Первым начал я. Случилось это после обеда, когда мы вышли из хаты покурить.
— Вуйку, — сказал я, — давайте поговорим.
Зажженная Горулей спичка остановилась на полпути к трубке и догорела до конца.
— Поговорим, Иванку. Послухаю, как ты жил все это время.
Я ничего не утаил от Горули, а рассказывал обо всем, что произошло со мной с первого дня моего отъезда из Студеницы, обо всем, что испытал и о чем передумал за то время, что мы не виделись. Горуля слушал, не прерывая, хотя и без меня знал многое, а о многом догадывался.

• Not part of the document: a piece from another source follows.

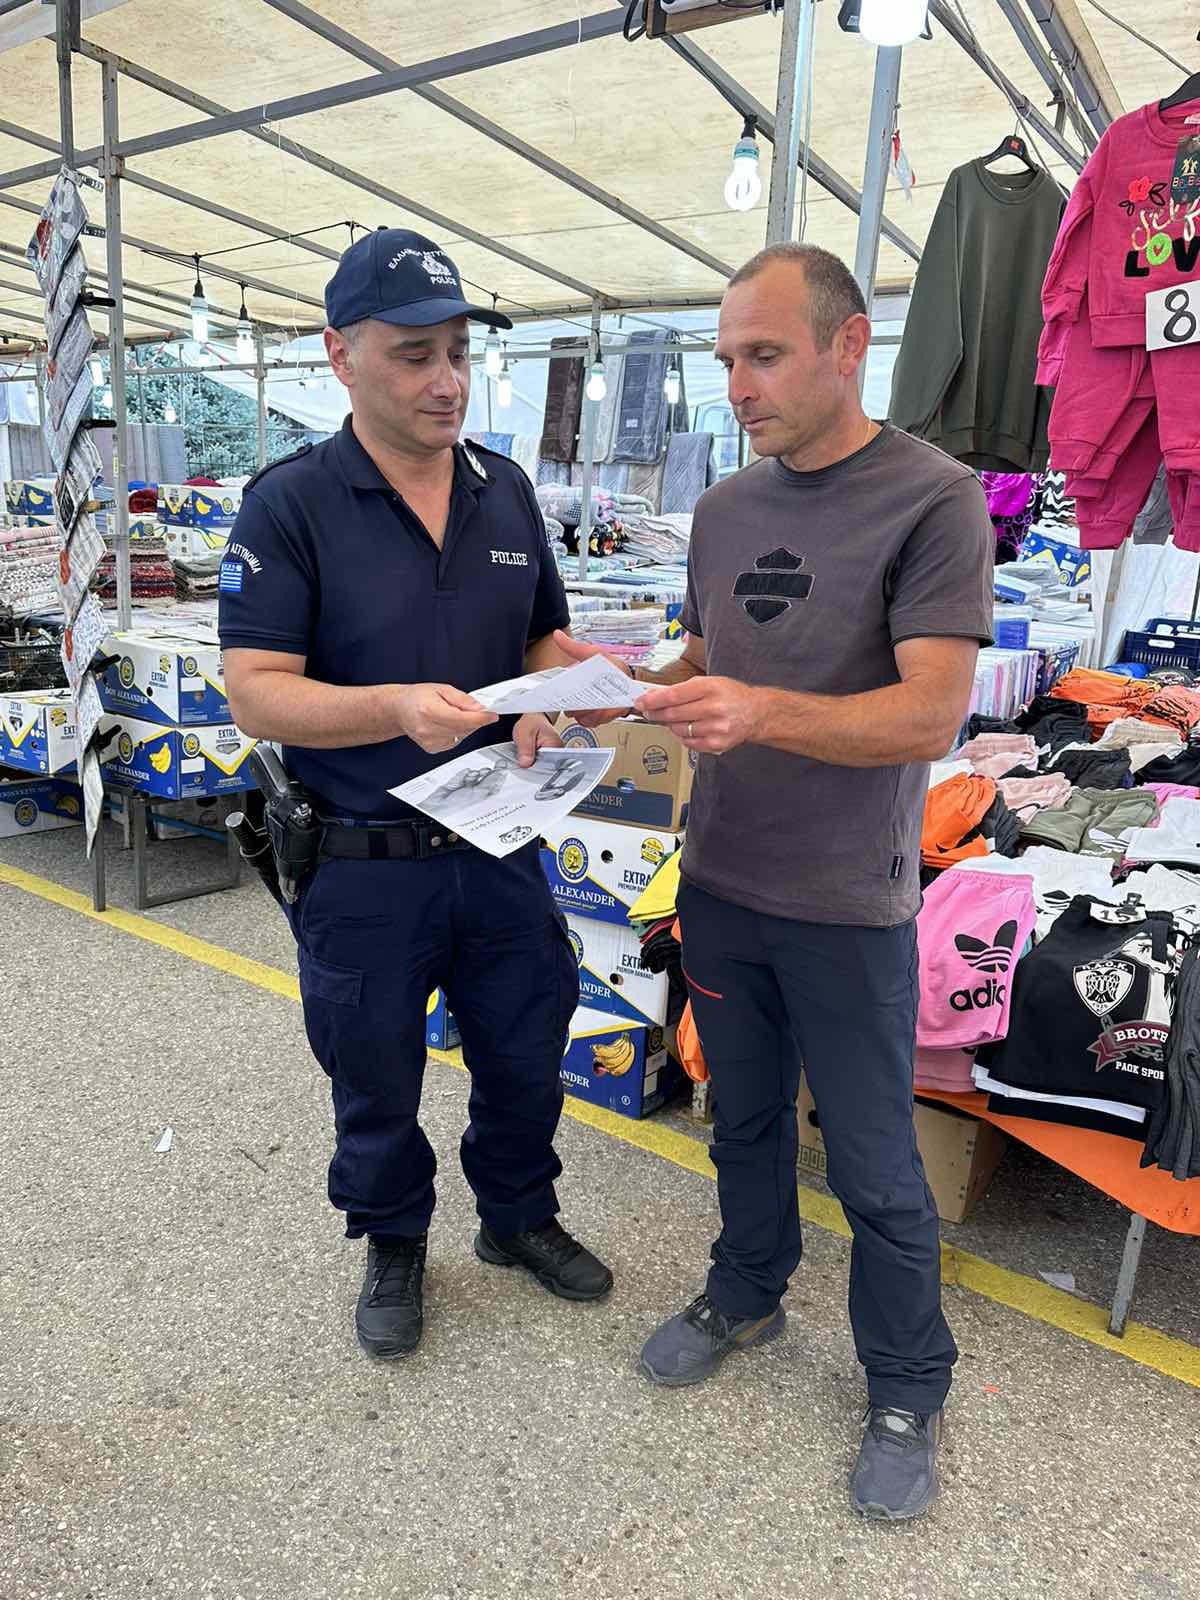 Στοχευμένοι έλεγχοι της Διεύθυνσης Αστυνομίας Καστοριάς σε θέματα Τάξης και Ασφάλειας, στο πλαίσιο της ετήσιας εμποροπανήγυρης του Δήμου Άργους Ορεστικού

— Ох, Иванку, — с горечью проговорил он, когда я замолчал. — Разве мы не правду с Куртинцом тебе говорили?.. Ну что, видишь, как у них все построено! — и под усами Горули мелькнула злая усмешка. — Сверху гладко, снизу сладко, а съешь — гадко. Что толку, если тебя добрым ученым считают? Волю для народа добывай, как в России ее добыли, вот тогда и науке твоей будет вольно!.. А с Матлахом как? — глухо спросил он после паузы.
— Работаю.
— Видел.
— Что же мне еще оставалось?
— А я тебя и не сужу, куда было деваться! Судить буду, когда ты ему и душу свою внаймы отдашь. Чув, дом тебе строит Матлах? То правда?
Я вспыхнул.
— На мои же деньги ему легко строить!
— Эго как? — недоуменно сморщив лоб, спросил Горуля.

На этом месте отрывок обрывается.